I have written a very small python script that scrapes article headlines from CNN's website.

import requests
from bs4 import BeautifulSoup

url='https://edition.cnn.com/'
topics=['world','politics','business']
r=requests.get(url+topics[1])
soup=BeautifulSoup(r.content,'html.parser')
spans=soup.find_all('span',{'class':"cd__headline-text"})
print(spans)

Upon execution of this code I am simply getting an empty list as an output.This is not what I was expecting or looking for as I am trying to scrape the text that follows after the tag. The snippet of html block that I am trying to refer to is-

<span class="cd__headline-text">
Bernie Sanders faces pivotal clash as Democratic establishment joins forces against him
</span>

Please help clarify what my code seems to be doing wrong and/or any logical errors that I might be making.

Sid
  • 23
  • 4
  • 2
    A few things to always check when using `requests` to get the contents of a site. Have you checked the response from the site? Does `r` look like you expect? Then, have you checked the contents of `soup` prior to trying to find anything in it? These two checks can tell you if your `get` was successful, and whether the site is fully loaded in html, or loaded asynchronously when visited (the latter of which is likely with CNN), in which case you'll need a tool like selenium browser automation – G. Anderson Mar 03 '20 at 19:44
  • Hi @G.Anderson ! Thanks for your response . I am relatively new to we scrapping so I'm not sure what loading asynchronously means. Can you elaborate on that ? – Sid Mar 03 '20 at 19:48
  • 1
    Might be worth a quick google, but the high-level overview: Frameworks like Ajax (Asynchronous Java And XML) only load the page dynamically when it is visited by a web browser. This allows both customization of the user experience, and protection against things like, unfortunately for us, web-scraping. Check your `soup`, and I'd bet you'll see only a few HTML elements, since the rest of the page never actually loads unless a browser hits it. – G. Anderson Mar 03 '20 at 19:52
  • 1
    Does this answer your question? [BeautifulSoup4 doesn't find desired elements. What is the problem?](https://stackoverflow.com/questions/58197400/beautifulsoup4-doesnt-find-desired-elements-what-is-the-problem) – Pitto Mar 03 '20 at 19:52
  • If your matter is solved please mark an answer as accepted so that others can see that your question has been answered. – petezurich Mar 04 '20 at 07:18

1 Answers1

1

Your code runs fine. It just doesn't yield results for the politics page.

Try this:

import requests
from bs4 import BeautifulSoup

url='https://edition.cnn.com/'
topics = ['world','politics','business']

headlines = []

for topic in topics:

    r = requests.get(url+topic)
    soup=BeautifulSoup(r.content,'html.parser')

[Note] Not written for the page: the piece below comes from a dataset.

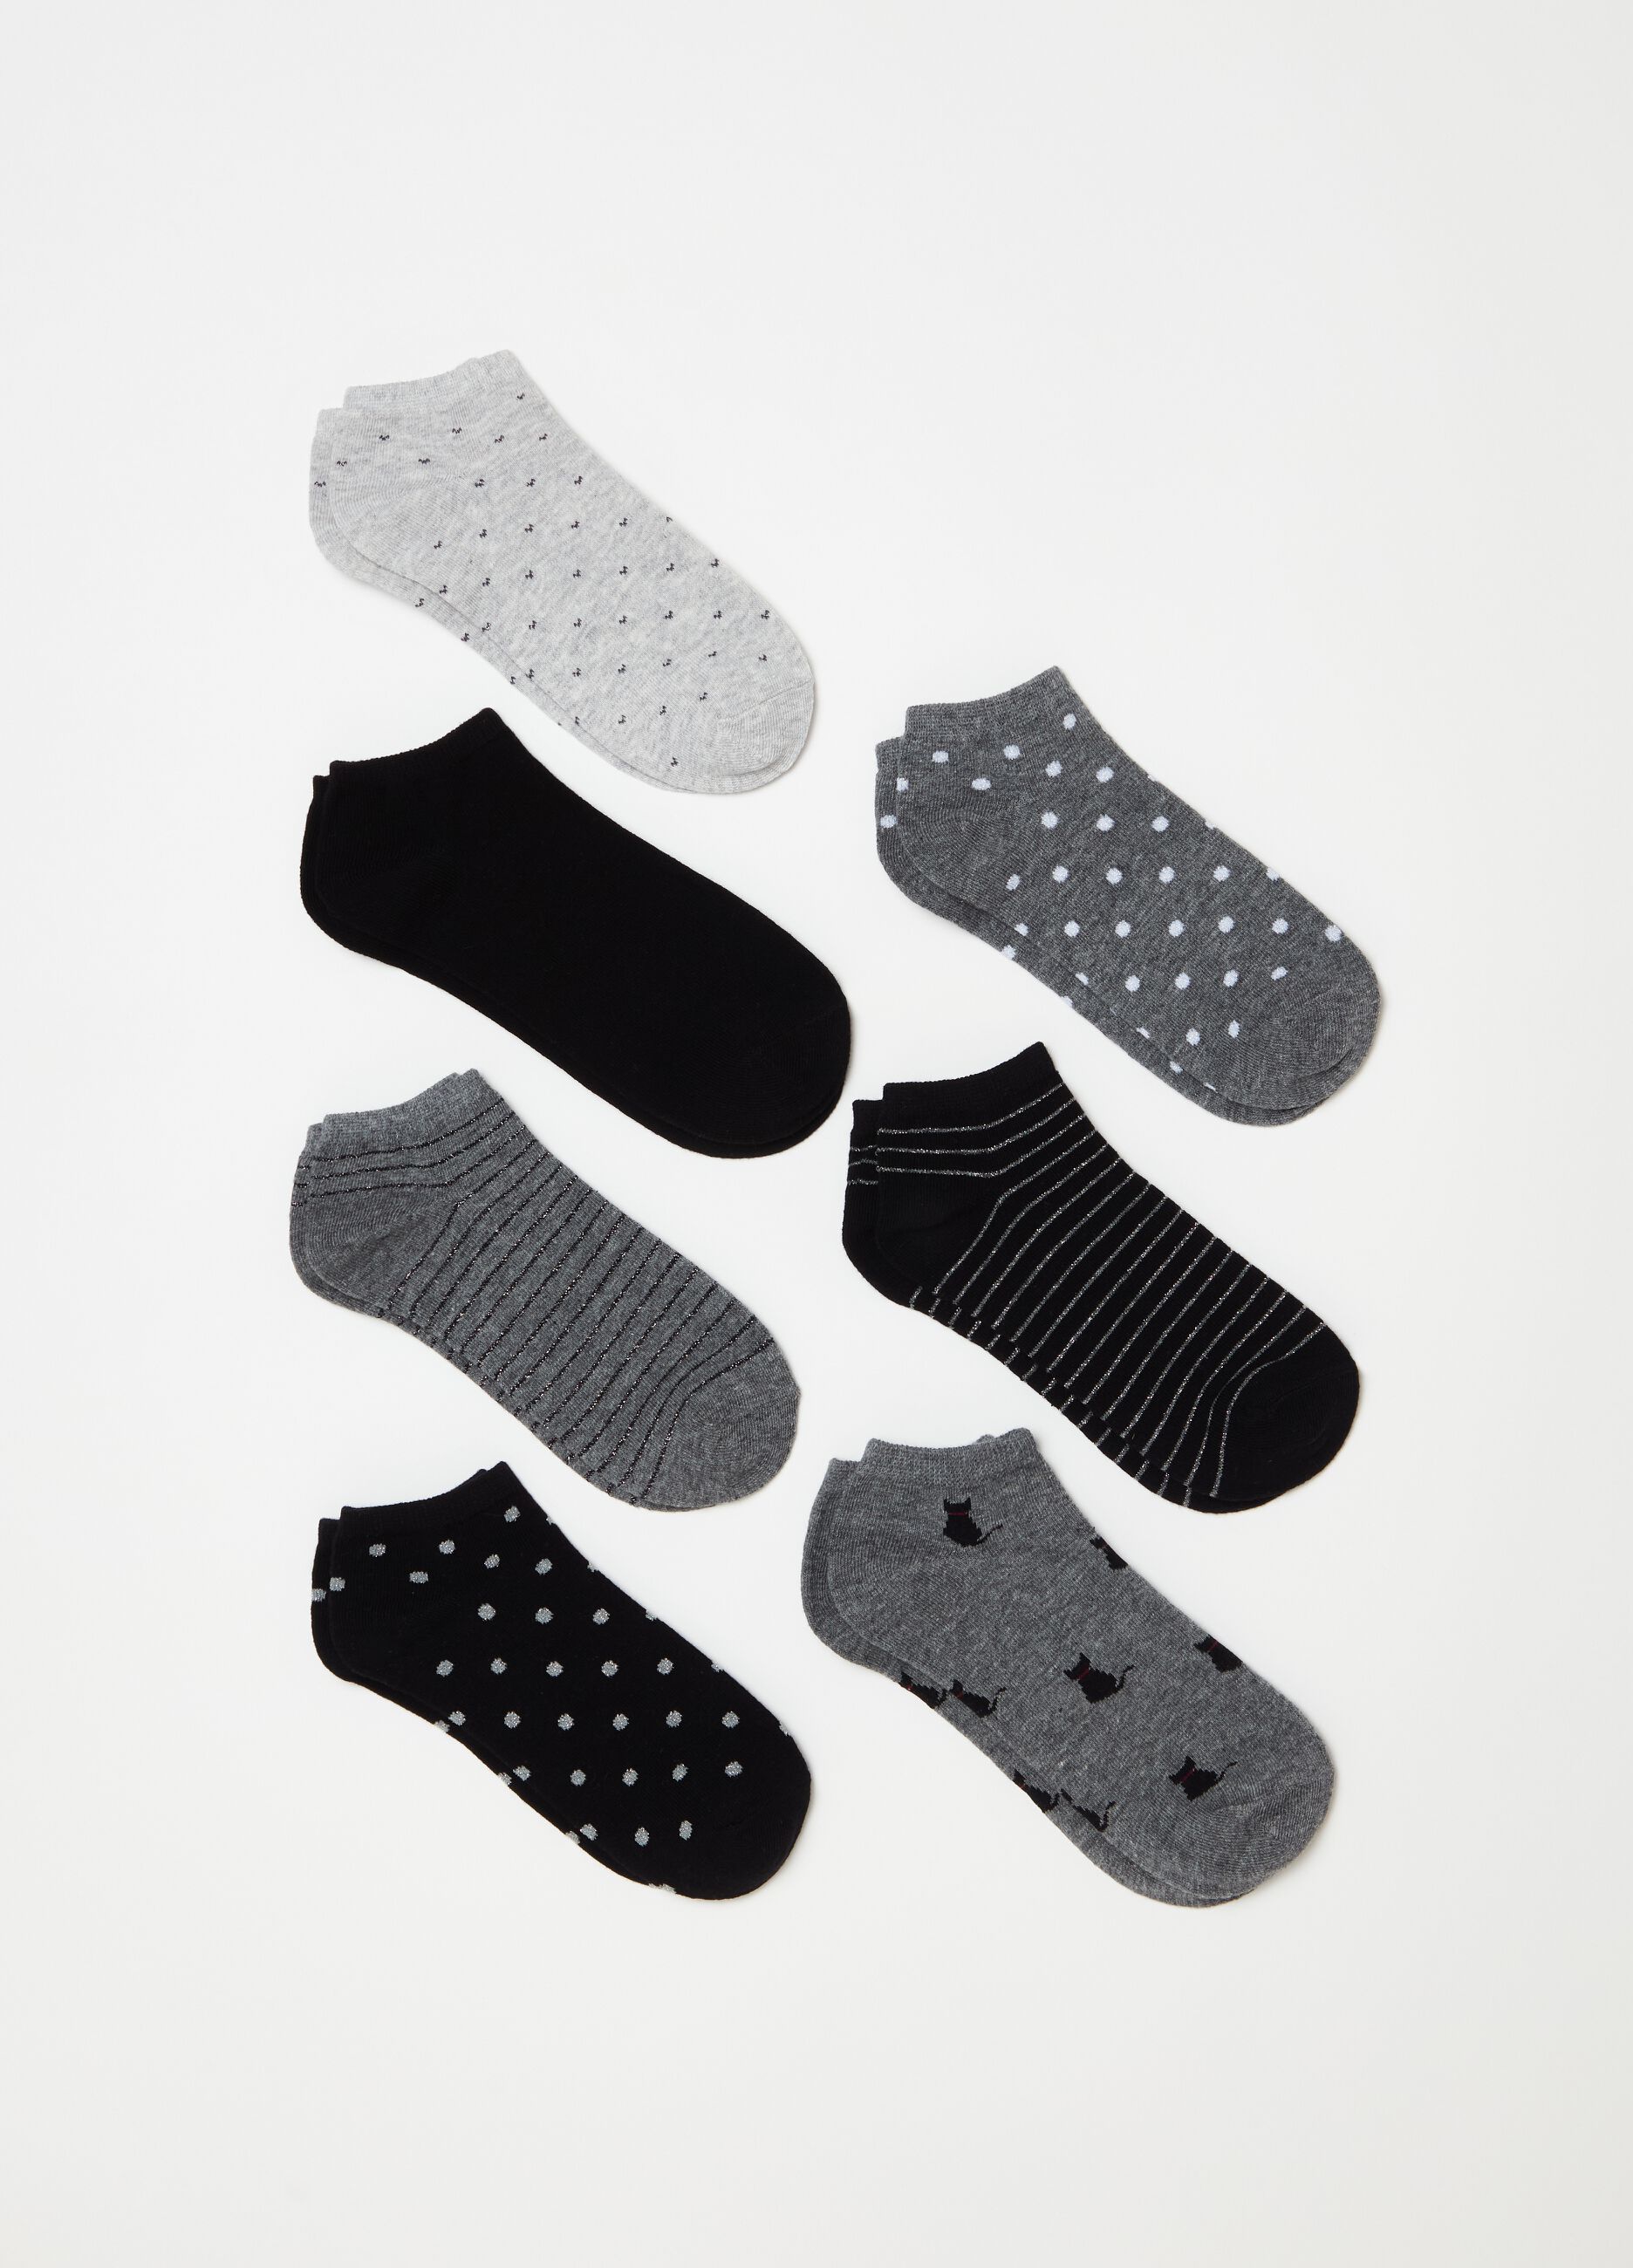 Seven-pair pack of shoe liners with designs

    for span in soup.find_all('span',{'class':"cd__headline-text"}):
        headlines.append(span.text)
        print(span.text)
        print()

headlines prints out to:

The bizarre ways that coronavirus is changing etiquette
Over half of all virus cases in one country are linked to this group
Trump's Middle East plan could jeopardize Jordan-Israel peace treaty, Jordan PM says
Irish duo's win marks rare victory for women in the 'Nobel of architecture'
After more than 240 days, Australia's New South Wales is finally free from bushfires
Child drowns off Greek coast after Turkey opens border with Europe 
A migration crisis and disagreement with Turkey is the last thing Europe needs right now
Vatican to open controversial WW2-era files on Pope Pius XII
Netanyahu projected to win Israeli election, but exit polls suggest bloc just short of majority
Adviser to Iran's Supreme Leader dies after contracting coronavirus
Israeli election exit polls project Netanyahu in lead
She became pregnant at the age of 12. Now, Kenya's Christine Ongare is an Olympic boxing qualifier
Nigeria says it is ready and more than capable of dealing with coronavirus
Kenya bans commercial slaughter of donkeys following a rise in animal theft 
Violence forces Haiti to cancel Carnival
....

You don't get results for politics because the content is rendered dynamically with Javascript in the browser (as G. Anderson explained in his comments). With requests however you only get the raw HTML.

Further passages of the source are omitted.